Error: "kernel: BUG: soft lockup - CPU#Y stuck for Xs" within VM

book

Article ID: 170185

calendar_today

Updated On:

Products

VMware vSphere ESXi

Issue/Introduction

On VM at the terminal or in the /var/log/message file, the following message appears:

kernel: BUG: soft lockup - CPU#Y stuck for Xs!

where Y is one of the CPU cores and X is an amount of time.  

Environment

Virtual Machines

Cause

Possible causes but not limited to the following include:

  1. The VM is undergoing a snapshot with quiesce.
  2. The VM is on an "over committed" host with insufficient RAM, CPU, or disk throughput to support the guests.
  3. Some other resource intensive host activity.

 A soft lockup occurs when a virtual machine's vCPU is unable to run a new task for more than 20 seconds. 
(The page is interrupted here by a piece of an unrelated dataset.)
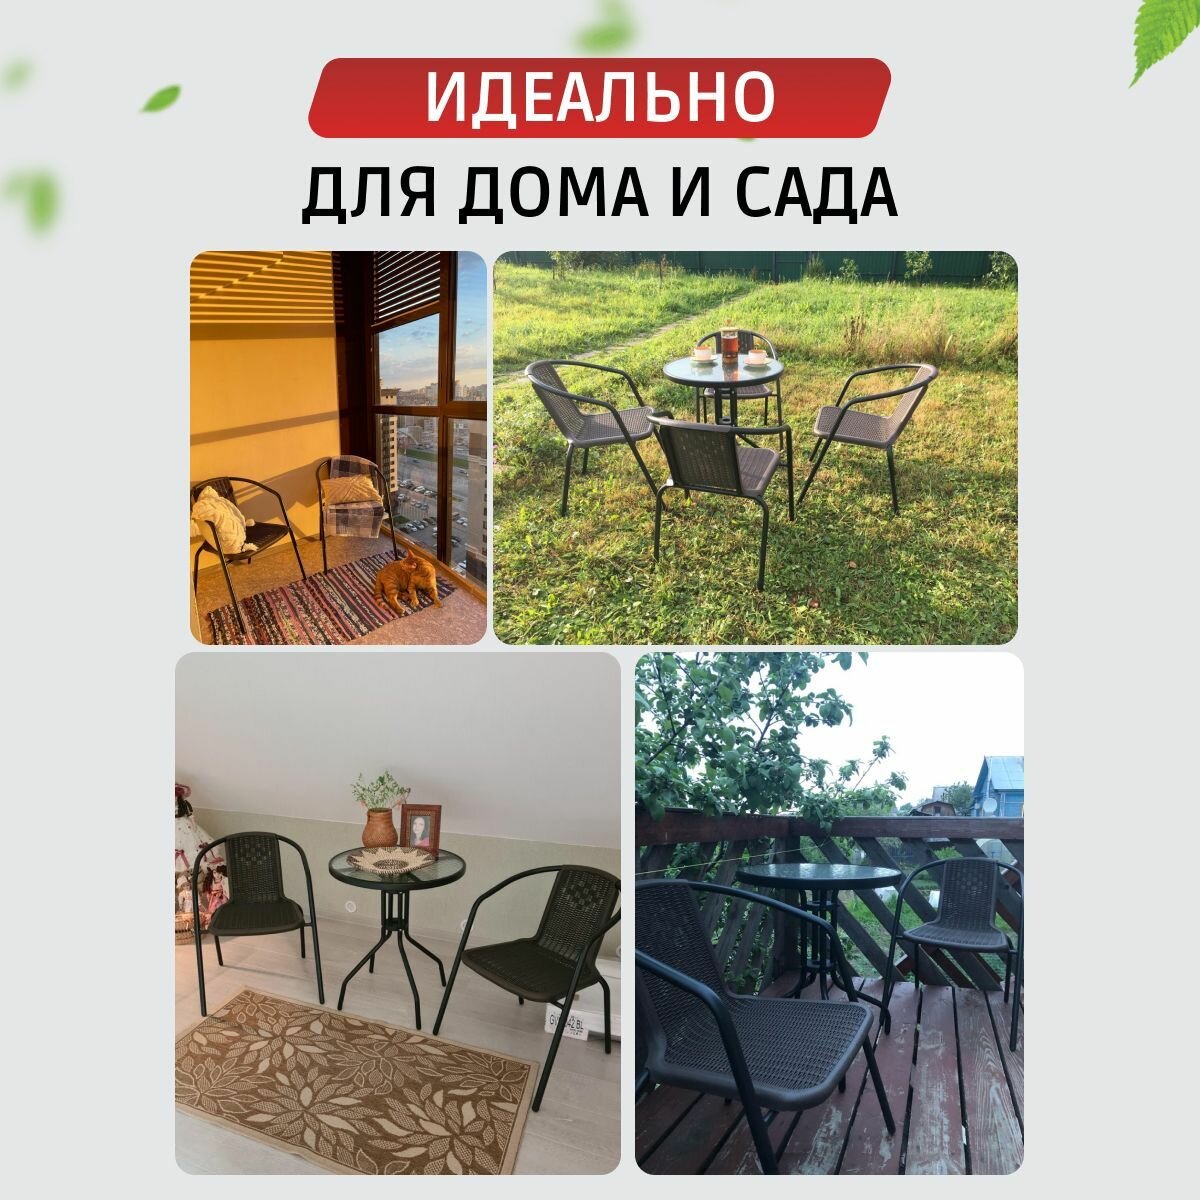 Кресла садовые Vita 2 шт, стул садовый, для дома, для дачи и сада, металл, пластик, Ами мебель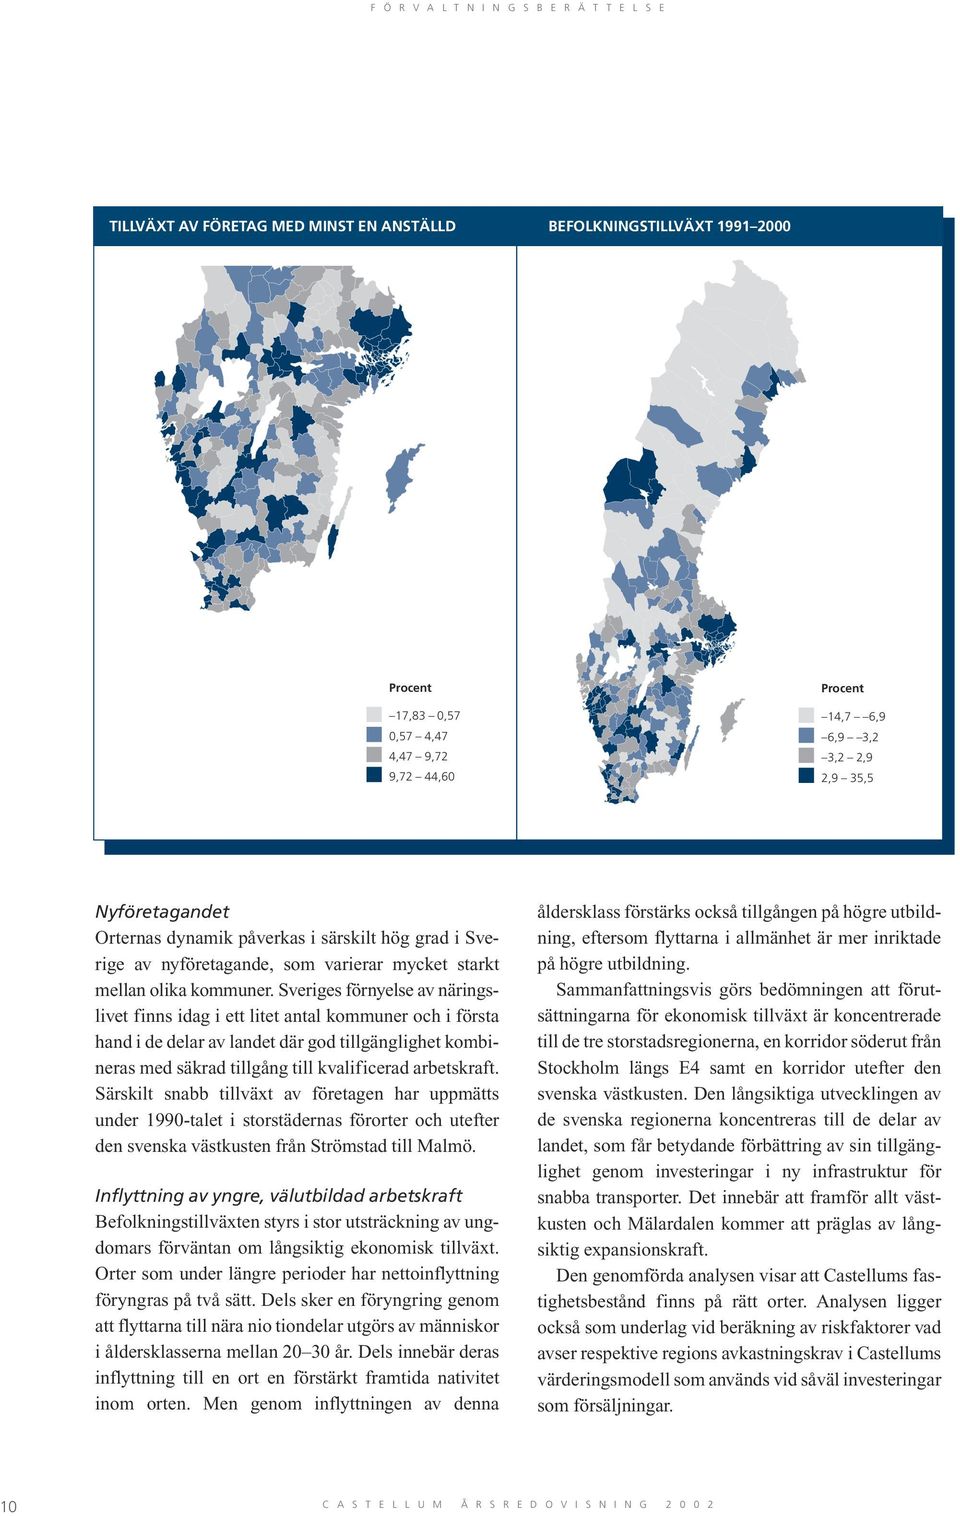 Sveriges förnyelse av näringslivet finns idag i ett litet antal kommuner och i första hand i de delar av landet där god tillgänglighet kombineras med säkrad tillgång till kvalificerad arbetskraft.

Soft lockups can cause VMs to become unresponsive for short periods of time and trigger application timeouts or failover. VMs that are experiencing a soft lockup might also have unusually high or unusually low CPU utilization, depending on the exact cause of the soft lockup.

Resolution

Possible solutions include the following:

  • Investigate the ESXi host and review CPU contention possibilities.  If a host is overcommited, the VM may struggle to have access to the resources it needs.
  • In some cases the soft lockup timer value can be increased within the guest OS.  This increases the time before a soft lockup is triggered, effectively disabling its sensitivity; however, this is generally not recommended as it can mask underlying issues and should only be used for troubleshooting purposes in a controlled environment.
    • Adjust the soft lockup timeout value:
      • Access the file: Login to Guest OS as root via SSH/Terminal and navigate to /proc/sys/kernel/softlockup_thresh.
      • Modify the value: (this may vary by linux distribution, consult the linux distributions documention before making any changes)
        • echo new_timeout_value > /proc/sys/kernel/softlockup_thresh
          Note: Replace "new_timeout_value" with the desired time in seconds before a soft lockup is triggered. 

Additional Information

Alternative approaches to managing soft lockups:

  • Analyze system logs and performance metrics to identify the root cause of the soft lockup, such as a resource bottlenecks. 
  • Adjust application settings or resource allocation to minimize potential CPU intensive operations. 
  • Update to the latest kernel version as it may include bug fixes related to soft lockup detection.